Aim of the task >>
Please, starting at the line that contains "Reddit - iWallpaper - Blvck", reproduce every line exactly until the records run out, skipping all pictures.
-----
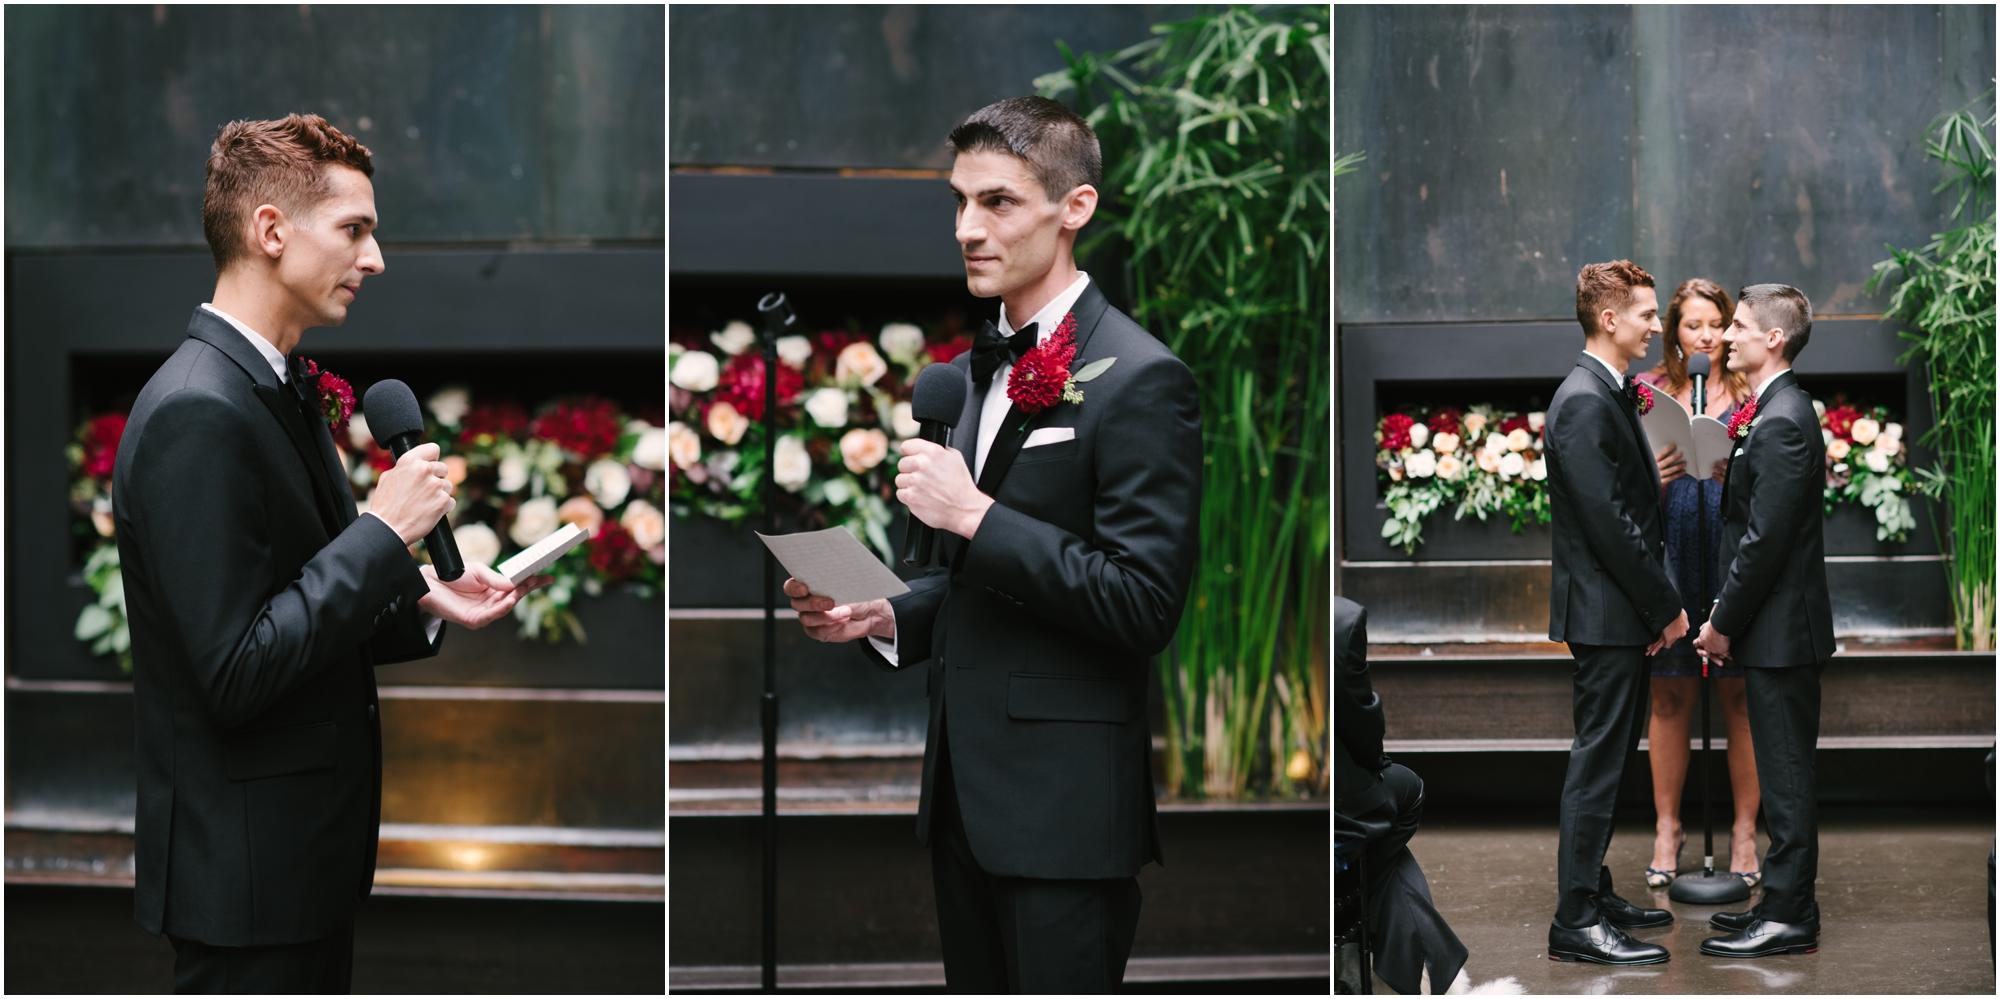 gay-wedding-photographer-williamsburgphotostudios-thefoundry-wedding-photographer_0028.jpg
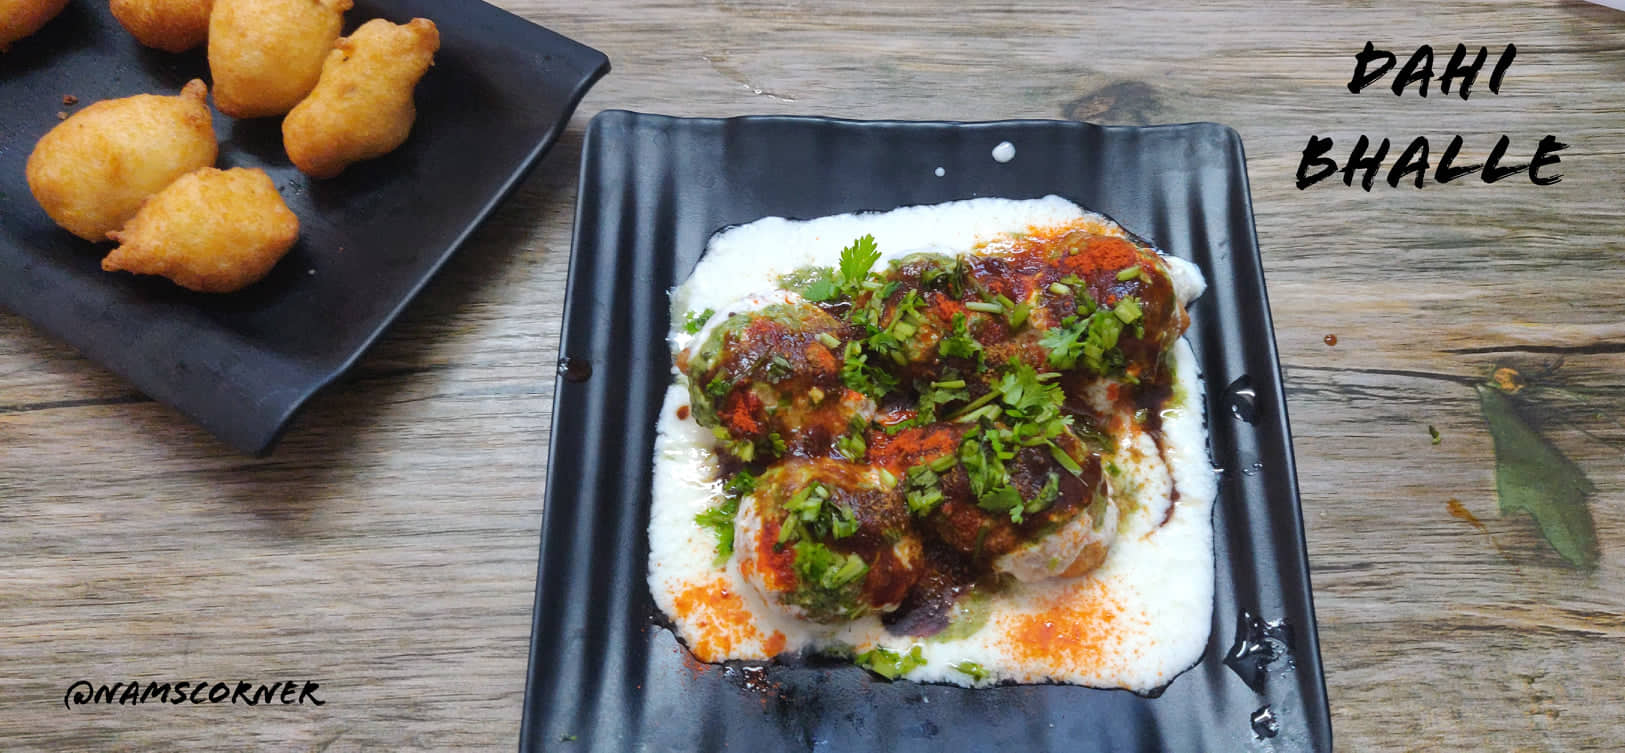 Dahi Bhalle Recipe | Dahi Bhalla Recipe | How to make Dahi Bhalle
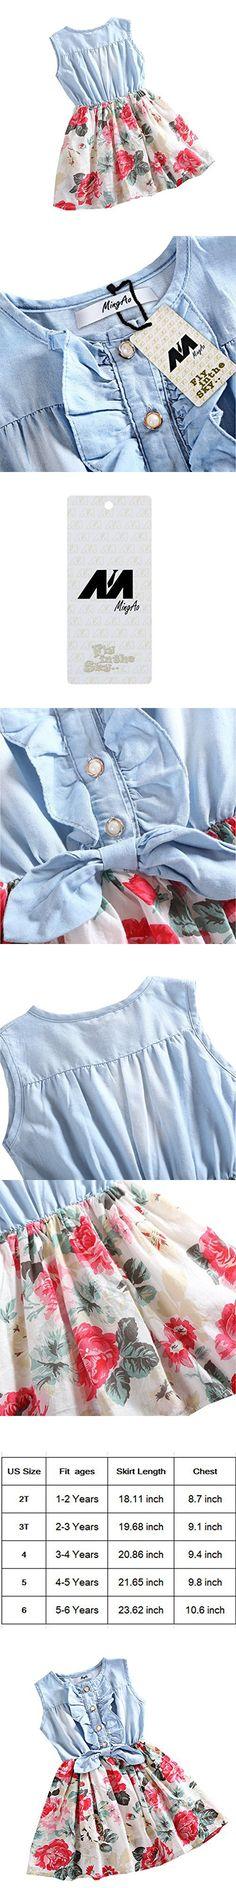 Mingao Little Girls Denim Floral Print Sleeveless Skirt Dresses 2-3 Years
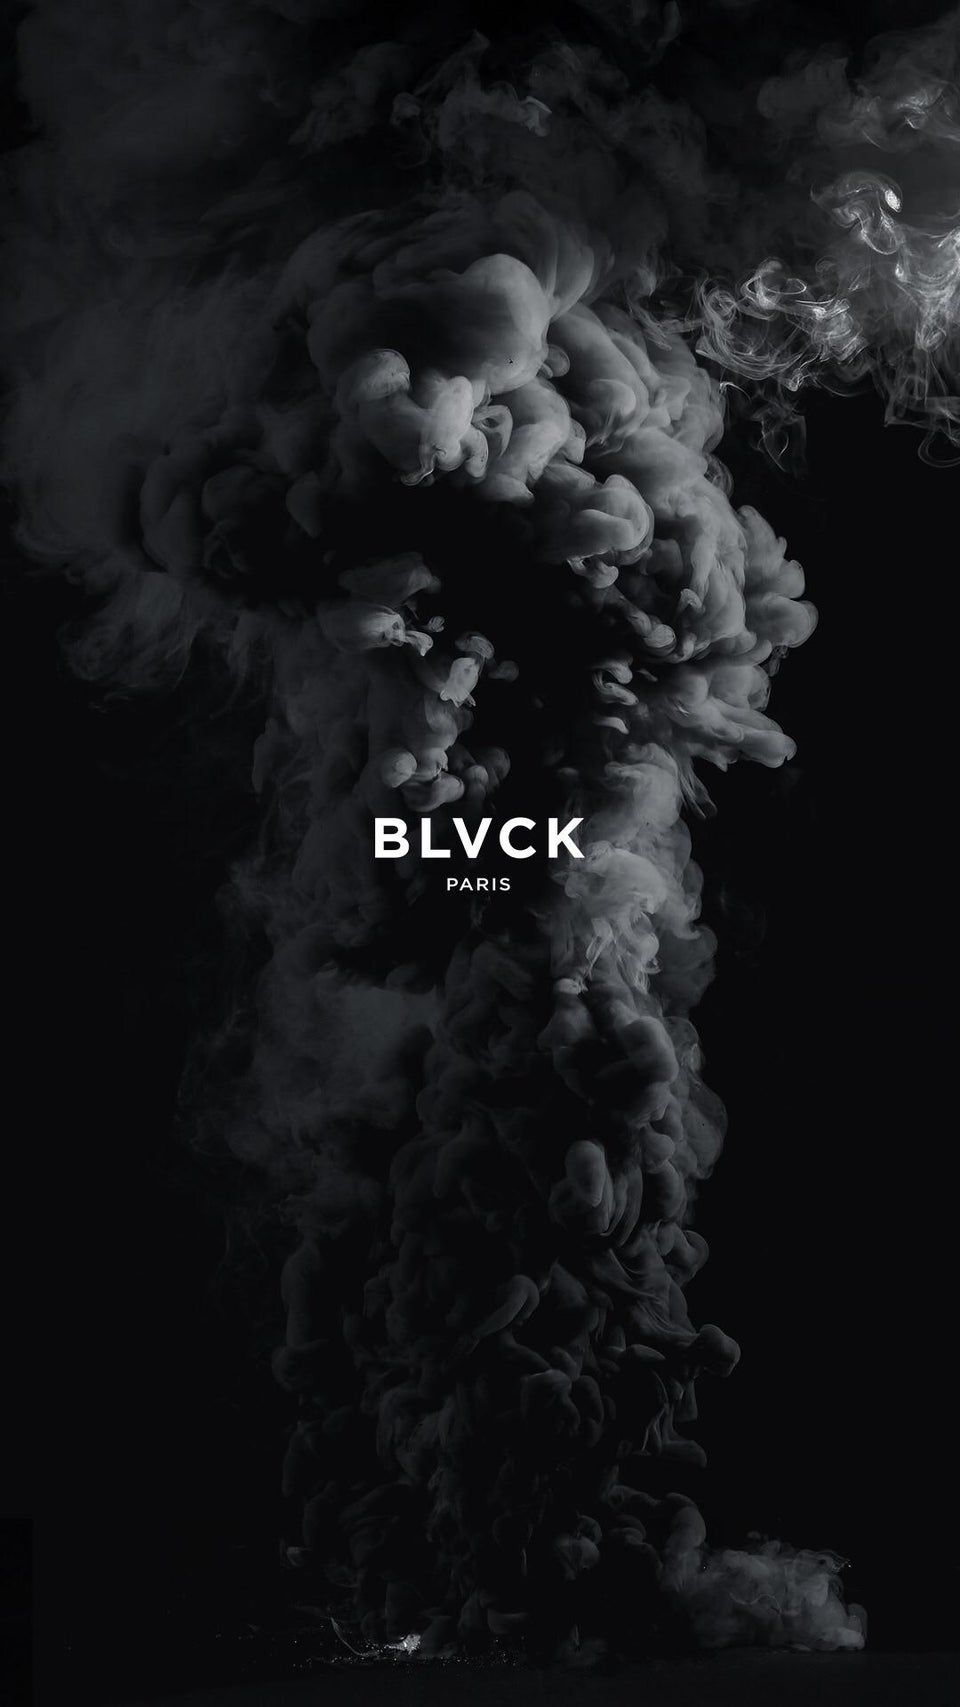 Reddit - iWallpaper - Blvck
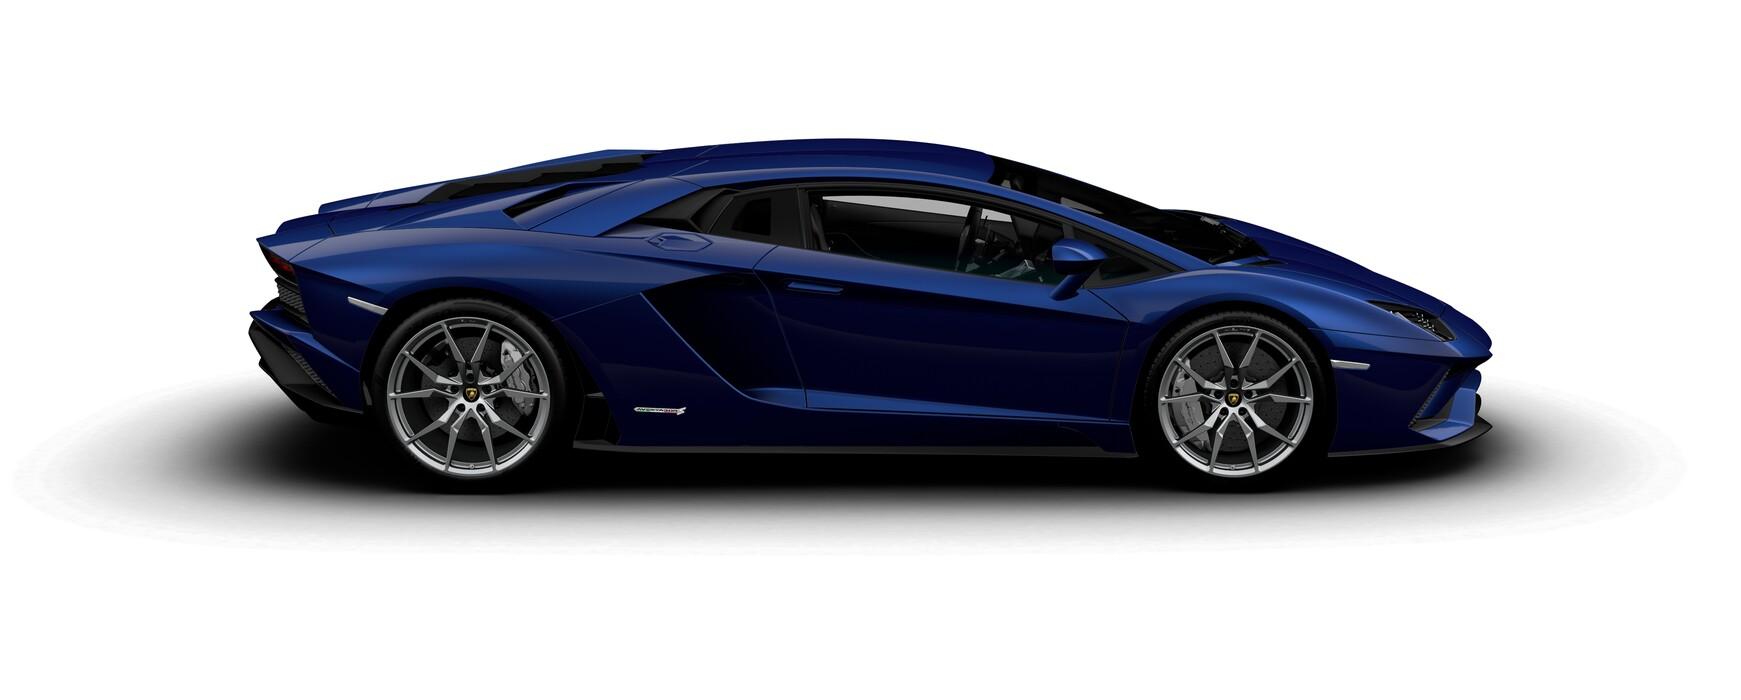 Lamborghini Aventador S Coupe metallic Blu Sideris side view
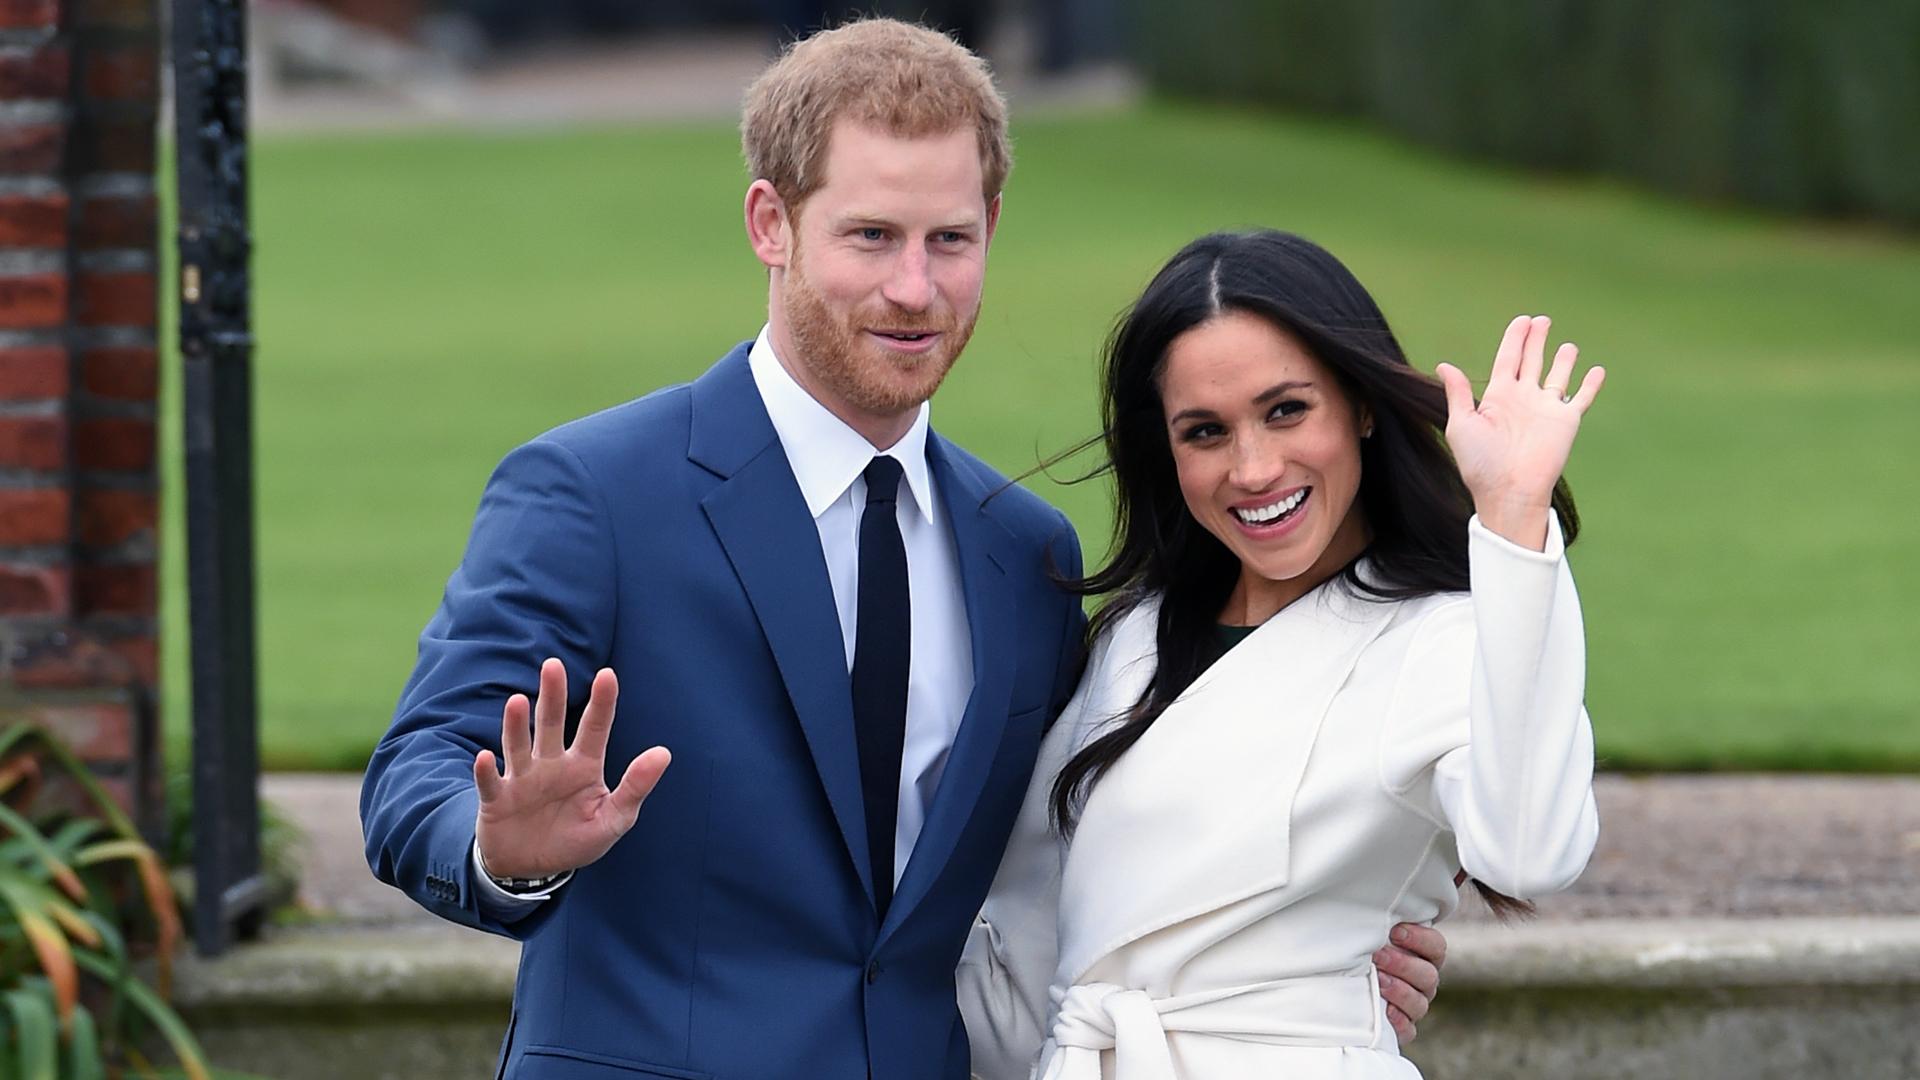 Prince Harry Meghan Markle engagement wave-159532.jpg22695877
-----
Solution to this task >>
 Reddit - iWallpaper - Blvck
 Lamborghini Aventador S Coupe metallic Blu Sideris side view
 Prince Harry Meghan Markle engagement wave-159532.jpg22695877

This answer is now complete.